Makary regularly appeared with Trump over the past year at events promoting public health initiatives and the president’s efforts to drive down prescription drug prices, but he also made powerful enemies.
In addition to well-connected executives in the vape industry, whom Trump promised to support during his successful 2024 presidential campaign, Makary angered advocates for the rapid approval of treatments for rare ailments like Huntington’s disease.
He also earned foes among anti-abortion advocates who wanted him to stop the mailing of mifepristone, part of a two-drug cocktail used to terminate pregnancies.
“Dr. Makary was uniquely destructive to the prolife movement,” Sen. Josh Hawley (R-Mo.) said on X Tuesday.
“He attempted to place pro-abortion lawyers in key positions. He slow walked a vitally necessary review of the abortion drug mifepristone. He used his discretion to approve a new abortion drug when the data shows it sends 1 in 10 women to the emergency room. He froze out prolife leaders and repeatedly stonewalled Congress. His resignation is an opportunity for the FDA to reset.”
Administration officials, meanwhile, told The Post they were infuriated by Makary meeting with, providing funding to and hiring subordinates associated with what they viewed as left-leaning causes.
The vape battle reportedly prompted Trump to directly reprimand Makary last week — viewing him as frustrating a headline-grabbing campaign promise.
A pivotal matter involved Makary standing in the way of market approval for a California manufacturer’s “age-gated” e-cigarrette that requires users to scan an ID to unlock the nicotine-laced vapor.
In December, the FDA’s website announced approval of fruit-flavored vapes, including mango, from California manufacturer Glas, which uses Bluetooth technology to verify users are at least 21 under an age limit signed into law by Trump in 2019.
The FDA chief blocked implementation of the approval for months, before the agency proceeded after Trump’s intervention last week.

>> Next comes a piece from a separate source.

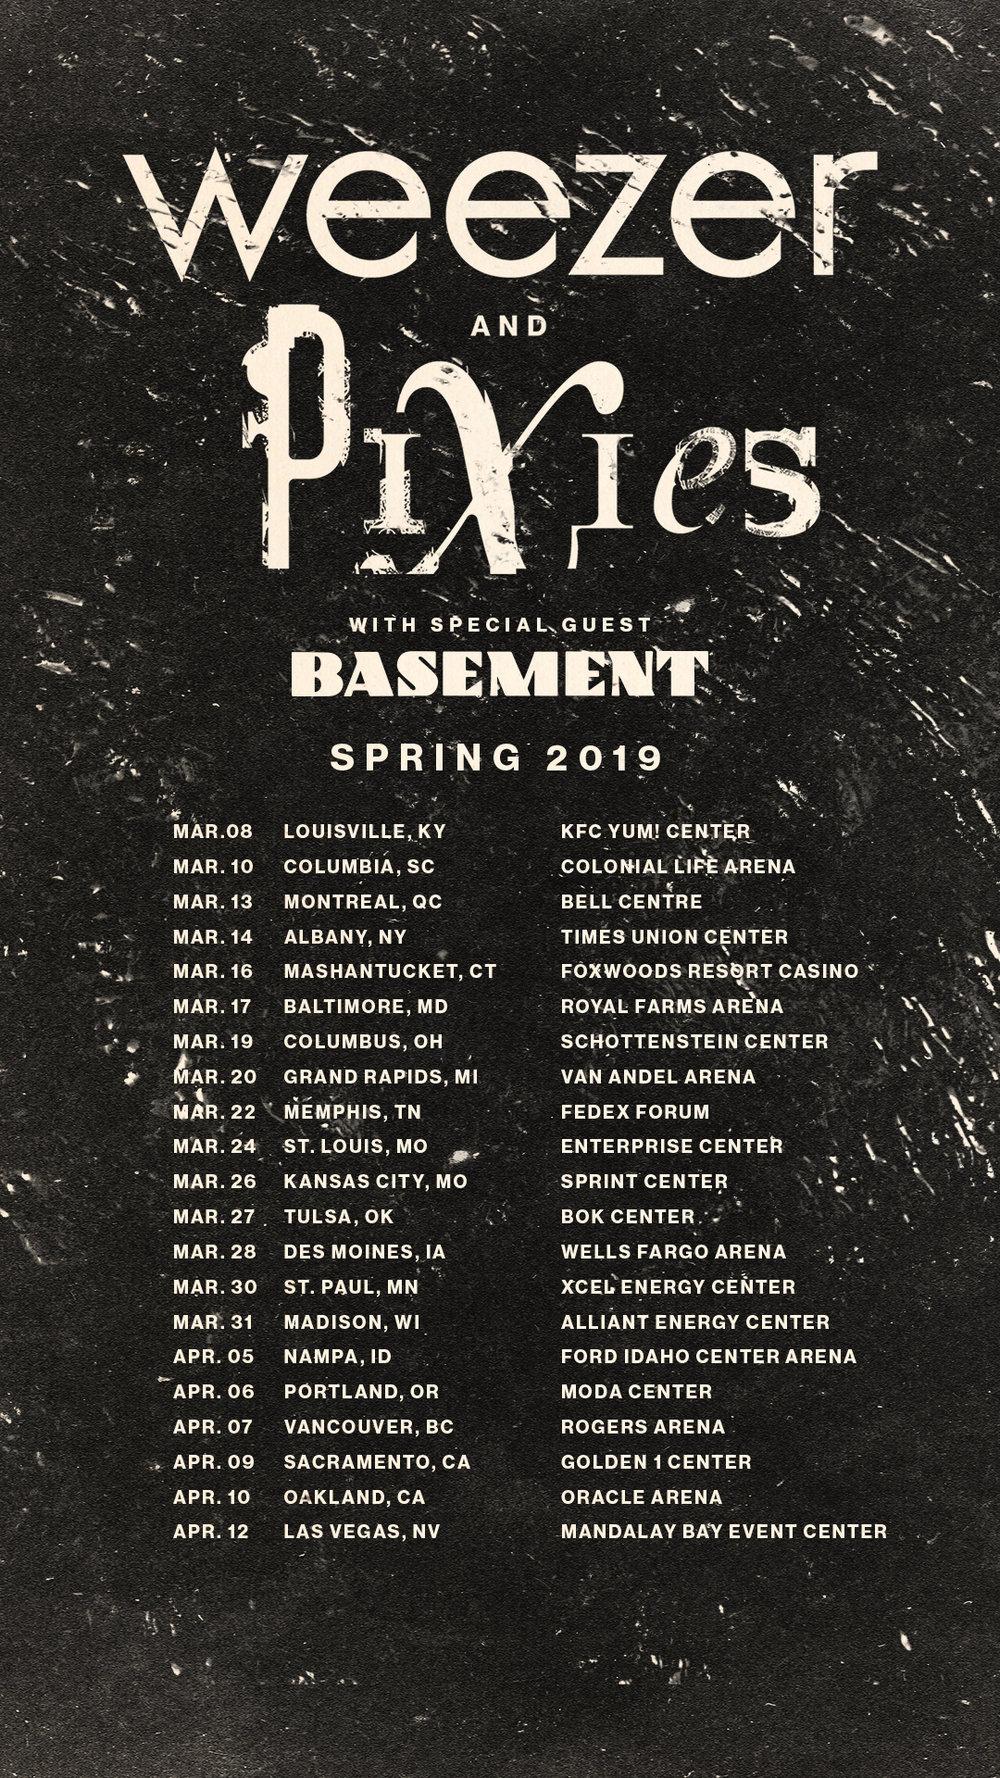 Weezer_Pixies_Instagram_Story_wDates_1080x1920_Static.jpg

On Friday, the FDA announced plans to relax enforcement against e-cigarette makers with pending product applications.
E-cigarettes have been the subject of intense public health debate over the past decade. Opponents say they could reverse progress in combating youth addiction to nicotine, while supporters say they are likely a safer alternative for adults who use combustible cigarettes known to cause cancer and heart disease.

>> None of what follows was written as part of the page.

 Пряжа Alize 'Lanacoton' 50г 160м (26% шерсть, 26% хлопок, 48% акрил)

Youth vaping peaked in 2019, with 27.5% of high school students and 10.5% of middle school students reporting past-month use in the National Youth Tobacco Survey, though teen use seems to have fallen since Trump enacted legislation raising the minimum age for purchase from 18.

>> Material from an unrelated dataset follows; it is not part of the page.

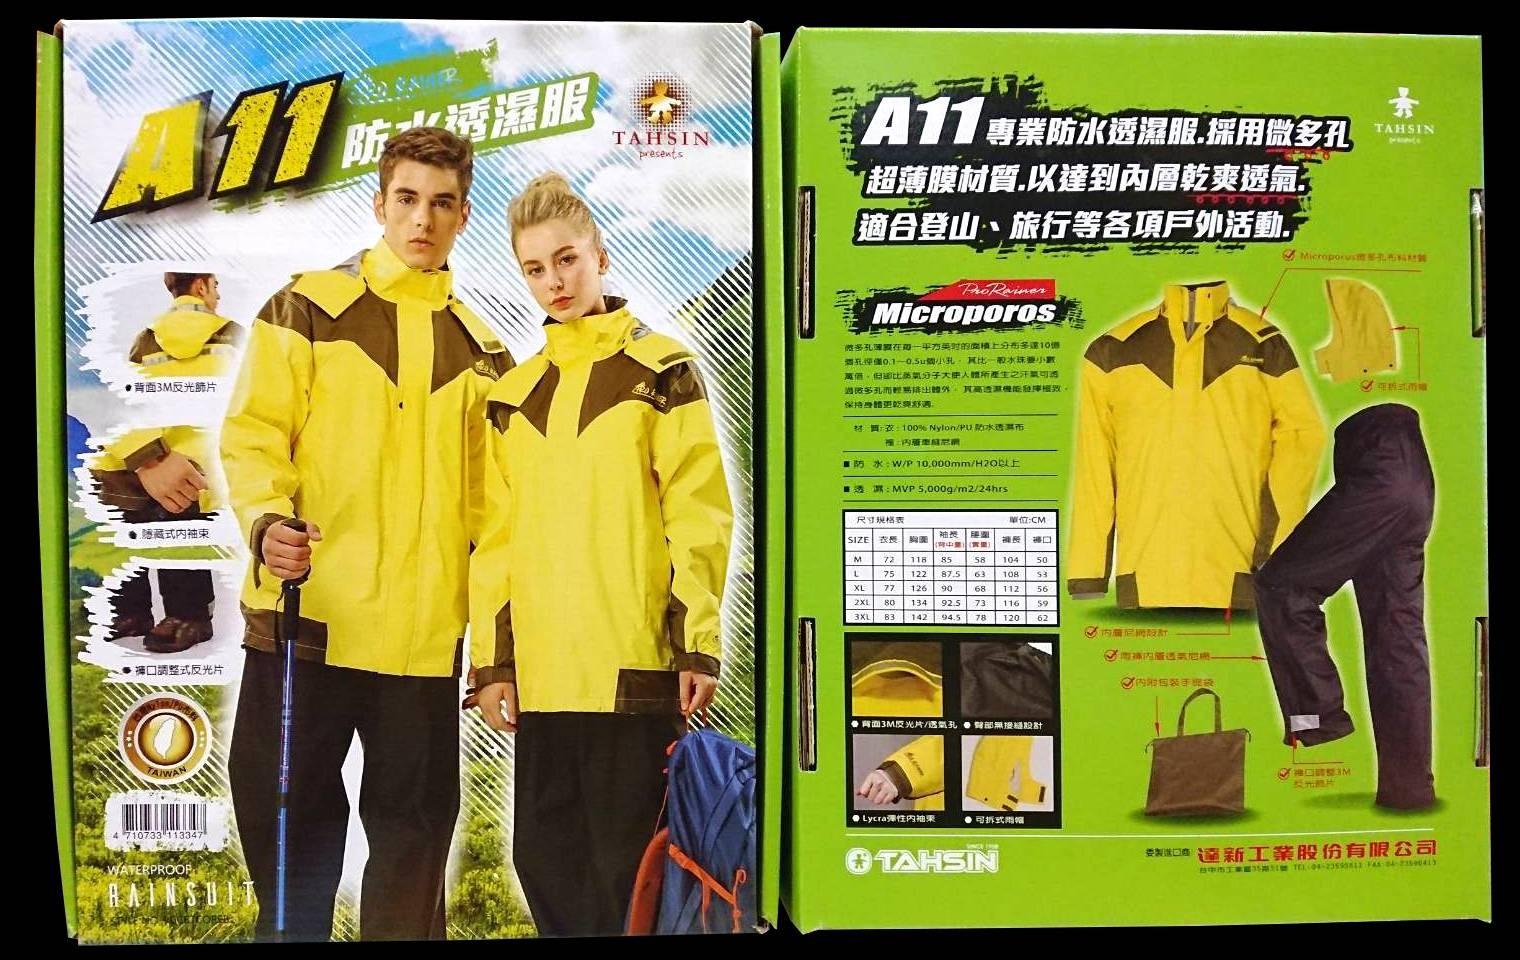 【達新牌】彩仕型雨衣A11檸檬黃/橄欖綠(褲子-黑色)

The 2025 federal survey showed 7.1% of high school students and 2.6% of middle schoolers reported past-month vape use — a roughly three-fourths decline among both groups.
The novelty and diversity of vaping devices make long-term health effects difficult to determine, though nicotine increases blood pressure and is highly addictive.
The battle over federal vaping approvals dates to the first Trump administration, when flavor options were effectively banned during the COVID-19 pandemic — despite Trump’s concern that less-safe Chinese products would fill the market void, which came to pass.